EPL ML Model
Binary classification: predicting soccer match outcomes with ML

What it is
A group project that predicts English Premier League match outcomes using 20+ years of match data, using this Kaggle dataset. We trained and compared eight different models (Random Forest, MLP neural network, Decision Tree, KNN, Naive Bayes, Logistic Regression, XGBoost, and SVM) to see which best predicts whether the home team wins.

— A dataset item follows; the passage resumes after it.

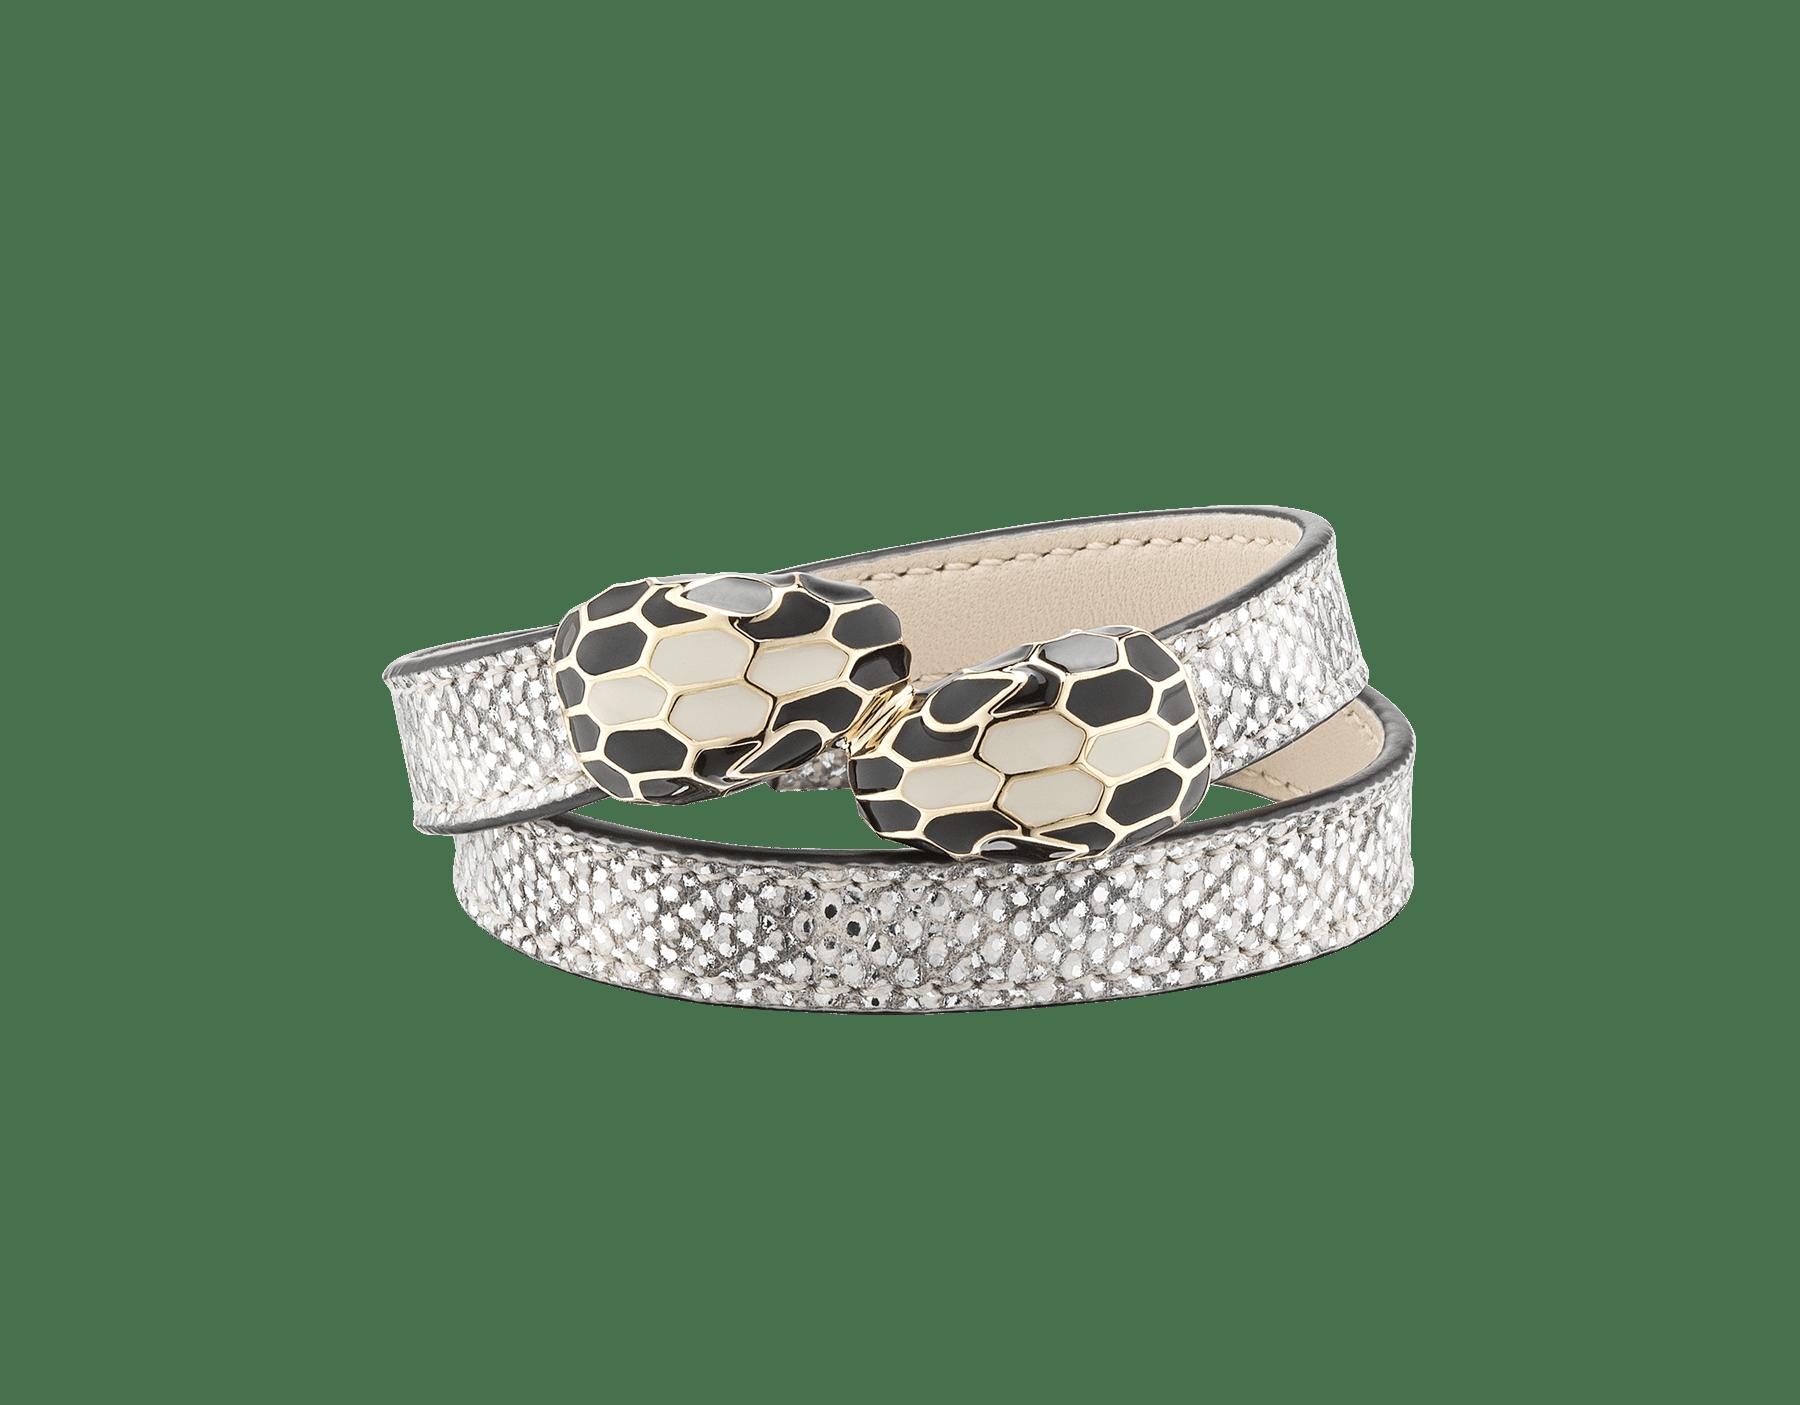 Bracelet multi-tours Serpenti Forever en karung métallisé couleur blanc agate avec détails en laiton doré. Motif en miroir Serpenti emblématique en émail noir et couleur blanc agate avec yeux en émail noir. MCSerp-MK-WA image 1
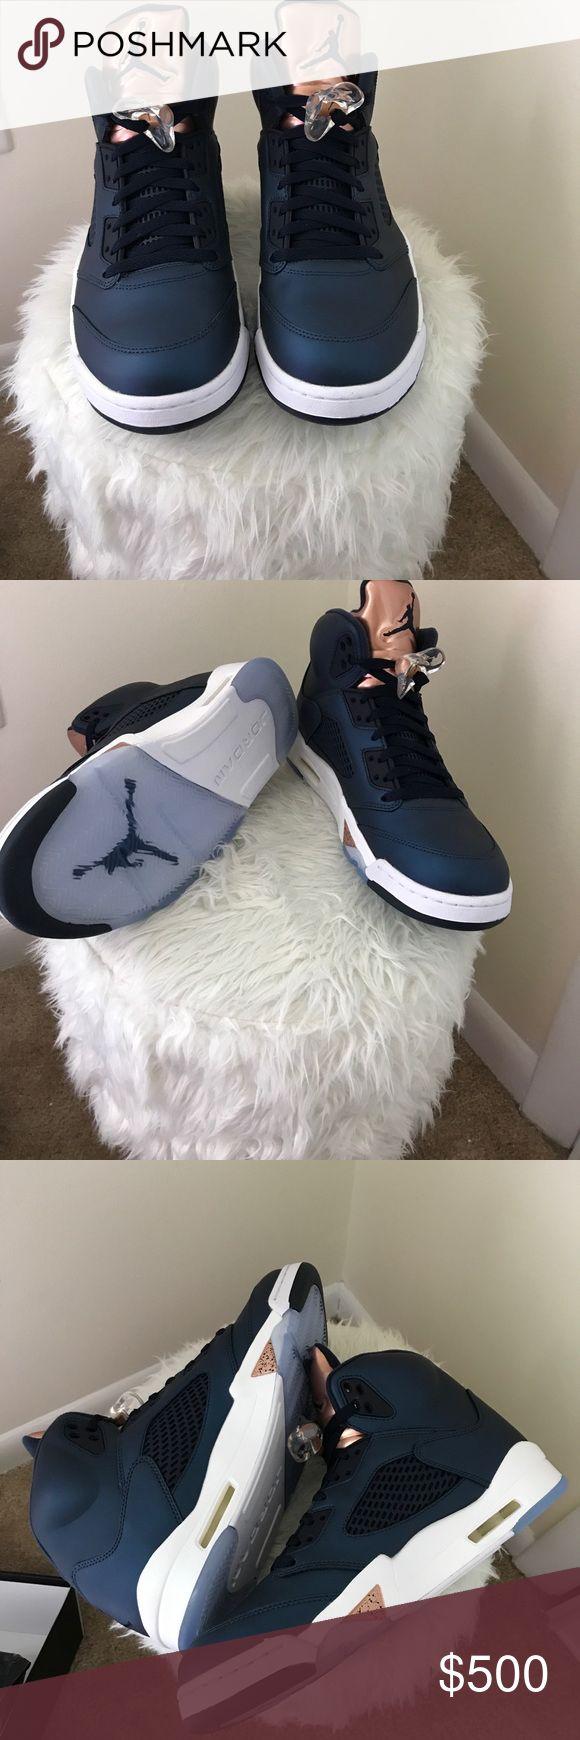 Air Jordan 5 Retro Men's Air Jordan 5 Retros. Size 10. BRAND NEW with box! Never worn. Make an offer ! Air Jordan Shoes Sneakers

The dataset has 39 features including goals scored, win/loss streaks, goal differentials, and form points. We handled missing data, capped outliers, engineered features, and ran each model through the same train-test split for a fair comparison.
Results
XGBoost came out on top at ~99% accuracy, with SVM and Logistic Regression right behind it. The simpler models like KNN and Naive Bayes sat around 80%, struggling with the interdependent features. The gap showed that model choice matters less than feature quality, but the right algorithm still makes a real difference.
What I learned
The most useful part of this project wasn’t the modeling, it was the data work. Cleaning, imputing missing values, engineering streak and differential features, and scaling correctly had a bigger impact on results than swapping algorithms. Also learned that simple models like Logistic Regression can hang with XGBoost when the features are good, which is worth knowing when interpretability matters.